What you will do:
Leaving out the pictures, write out exactly each line from the line with "Replacement Parts and" through the close of the listing below.

Input data:
......

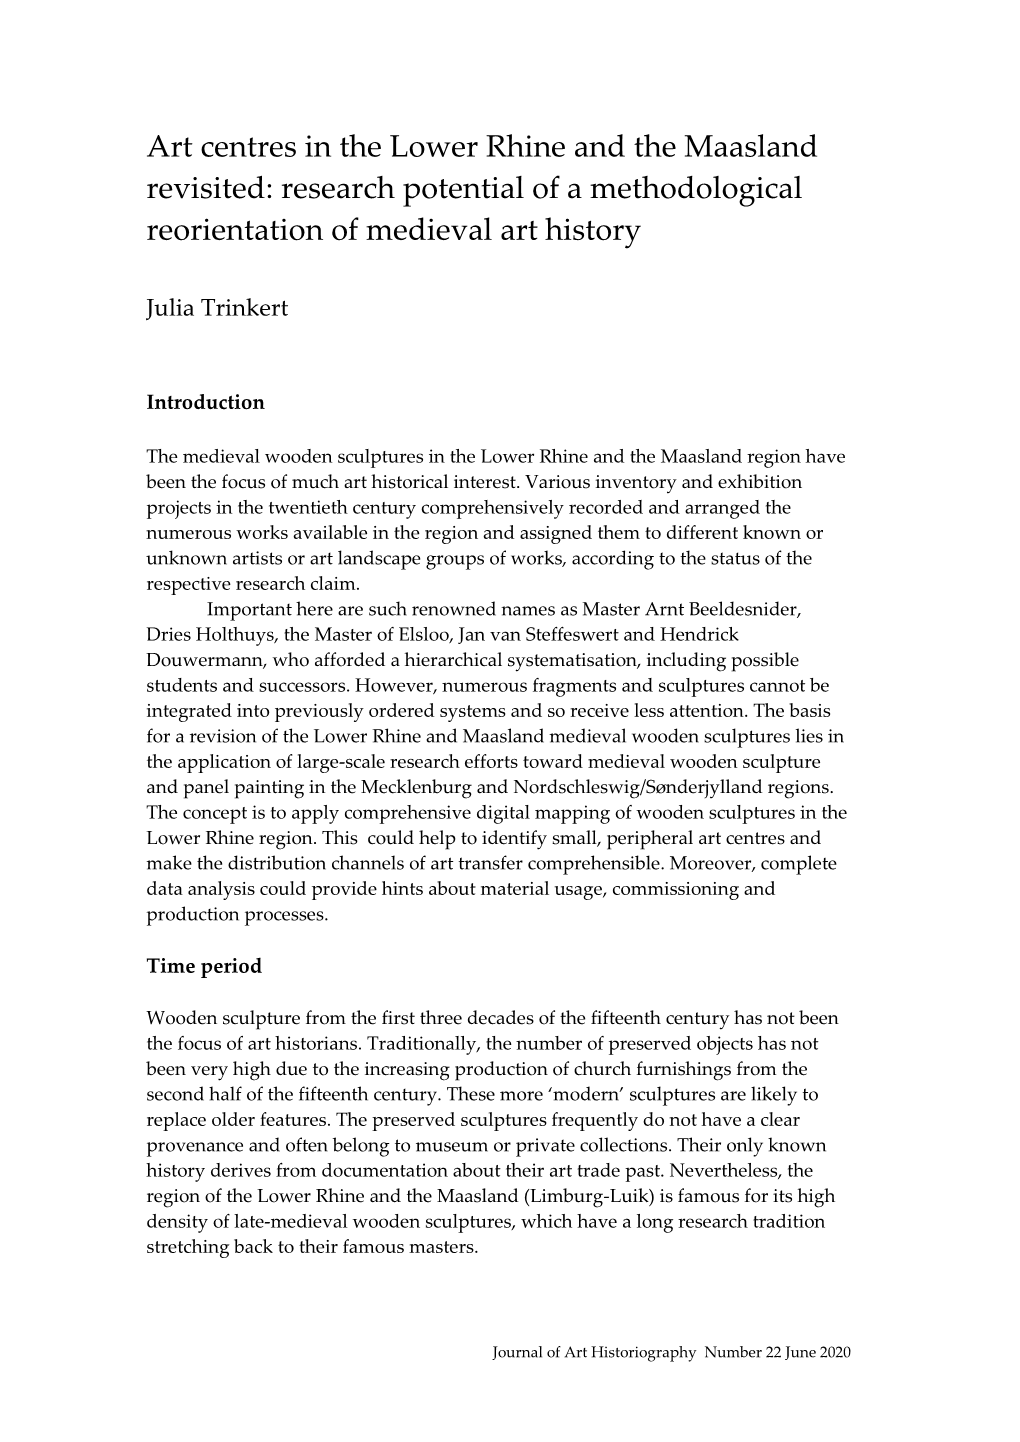 Art Centres in the Lower Rhine and the Maasland Revisited: Research Potential of a Methodological Reorientation of Medieval Art History
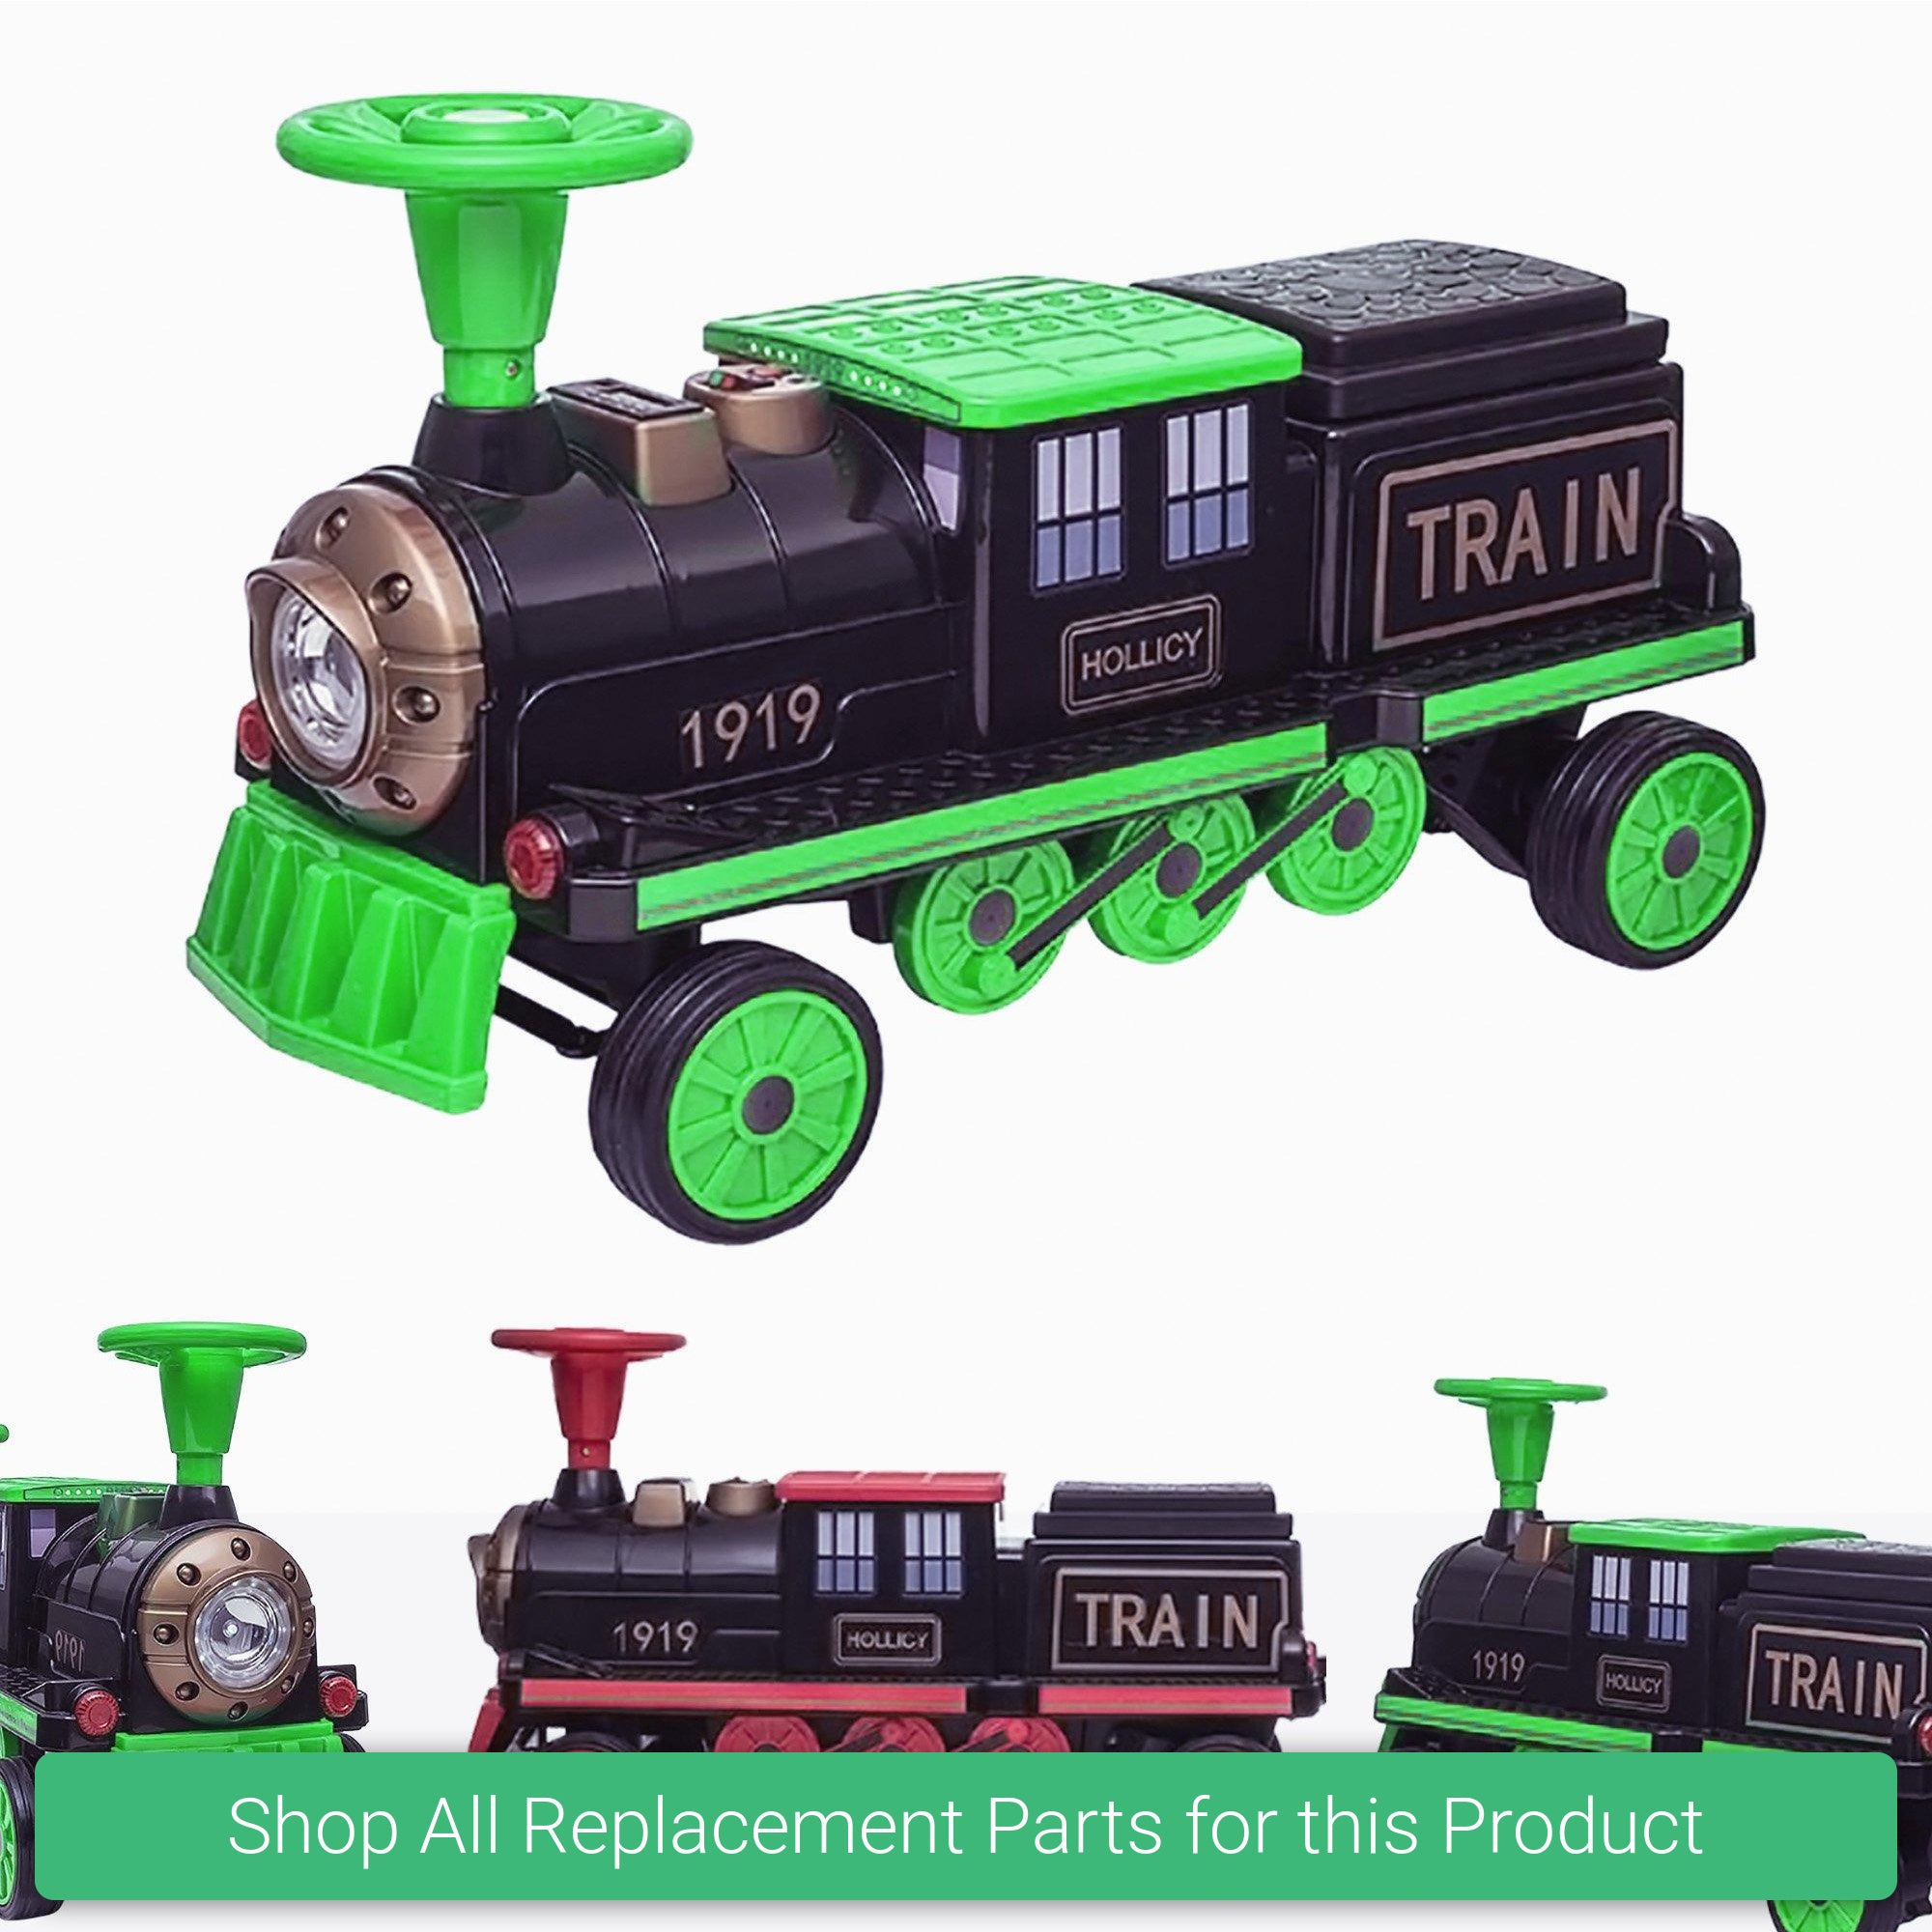 Replacement Parts and Spares for Kids RiiRoo ChooChoo™ Electric Train - TRN-20-VARI - SX1919
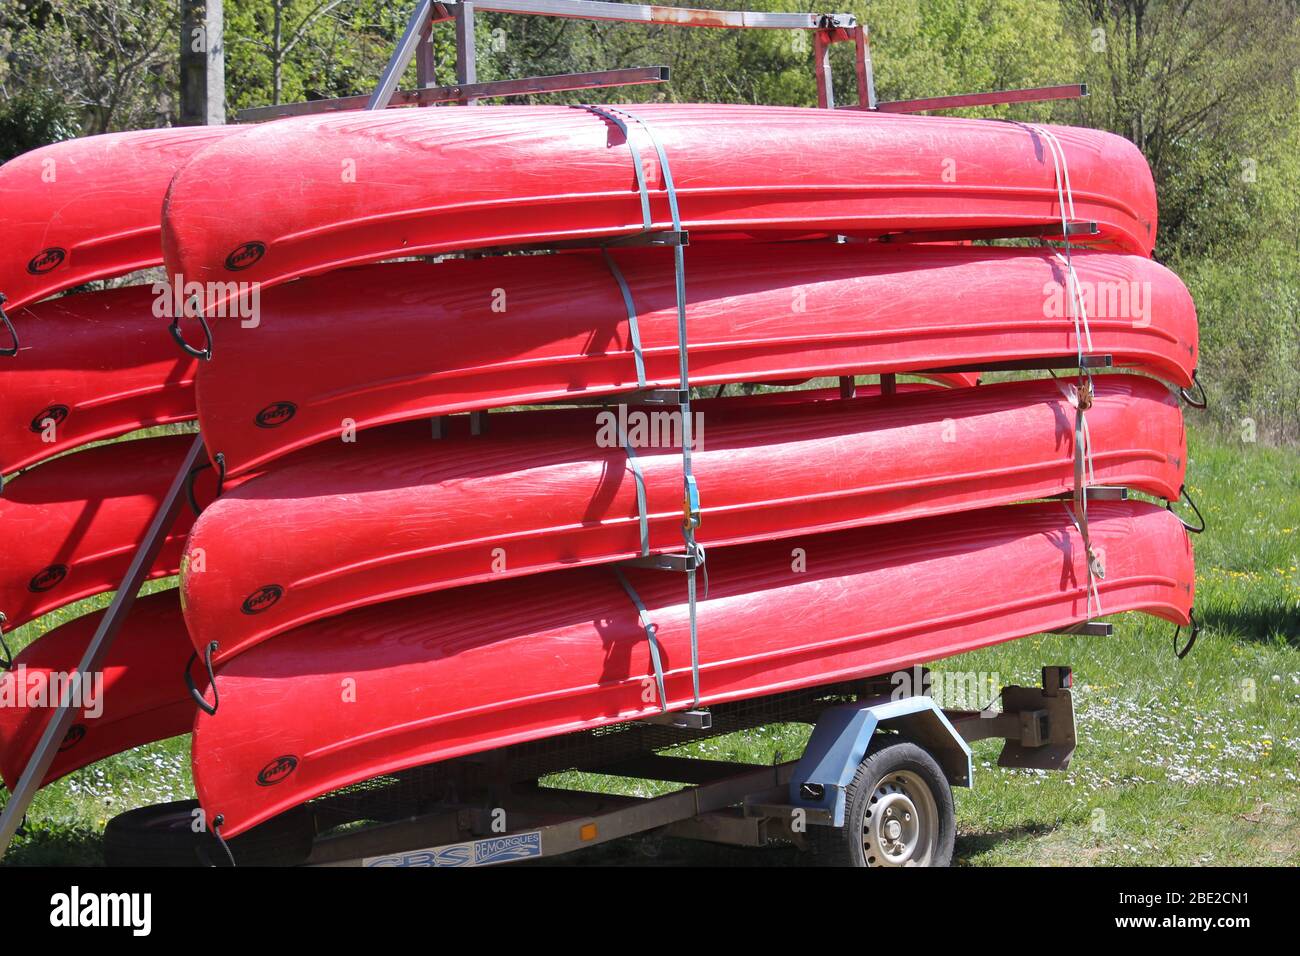 Red canoes stacked on a trailer Stock Photo
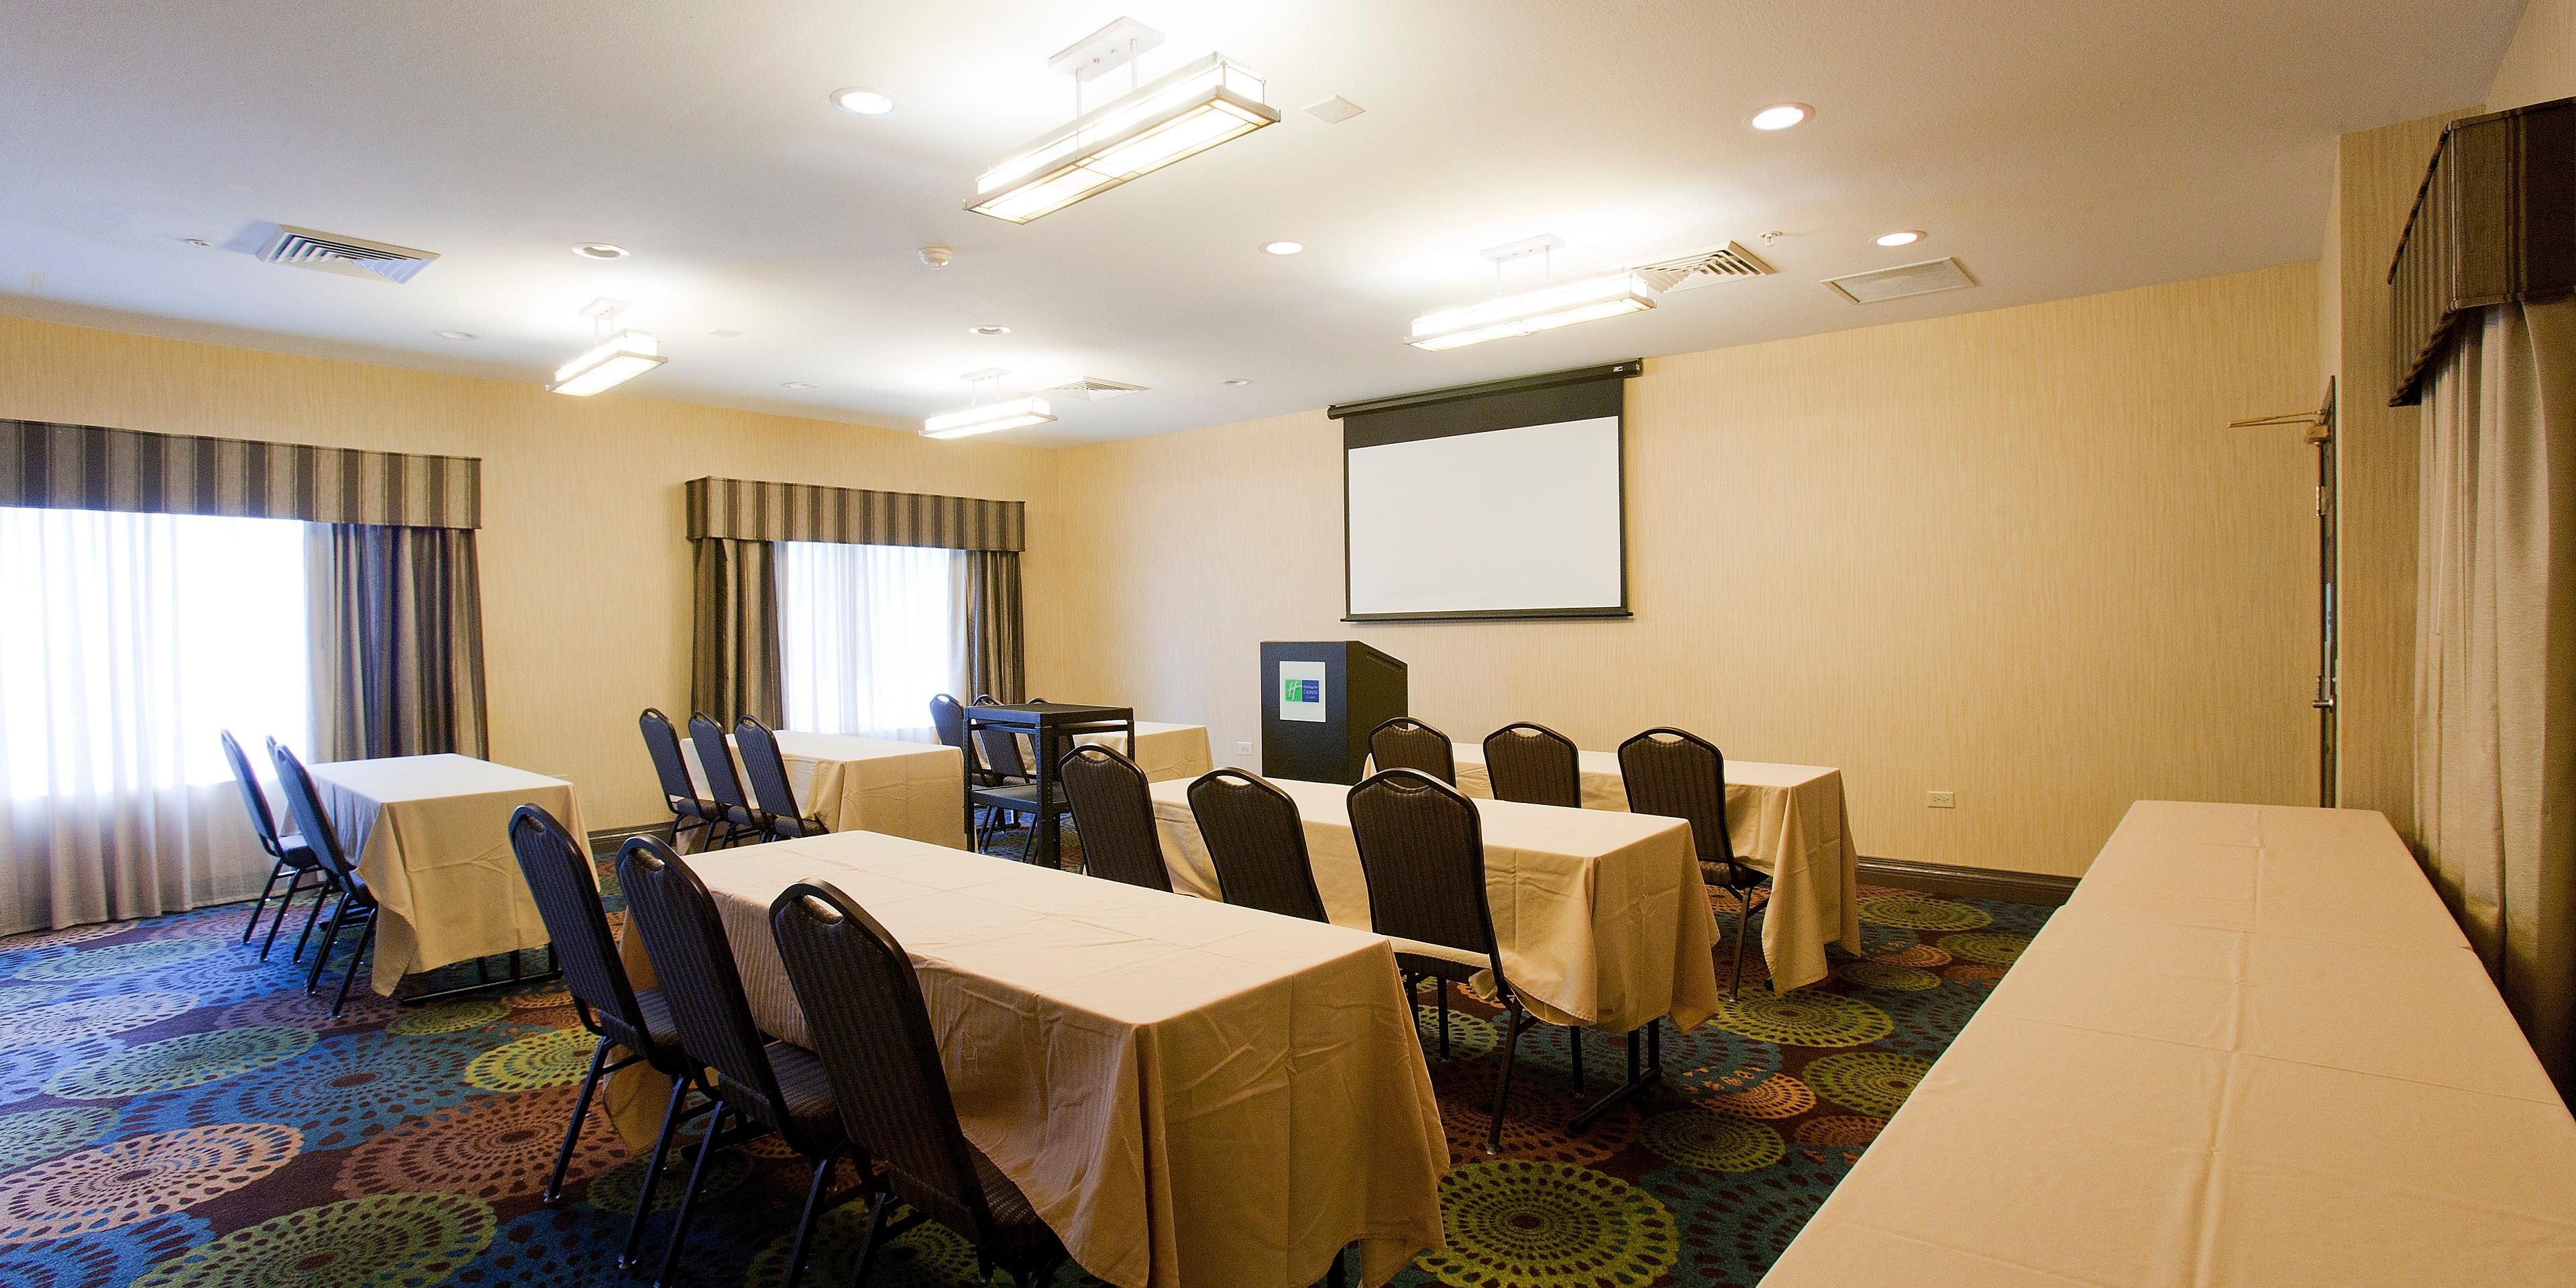 Let us help host your next gathering or corporate meeting. We offer 598 square feet of meeting space with catering options.

......

Response for this exercise:
 Replacement Parts and Spares for Kids RiiRoo ChooChoo™ Electric Train - TRN-20-VARI - SX1919
 Red canoes stacked on a trailer Stock Photo
 Let us help host your next gathering or corporate meeting. We offer 598 square feet of meeting space with catering options.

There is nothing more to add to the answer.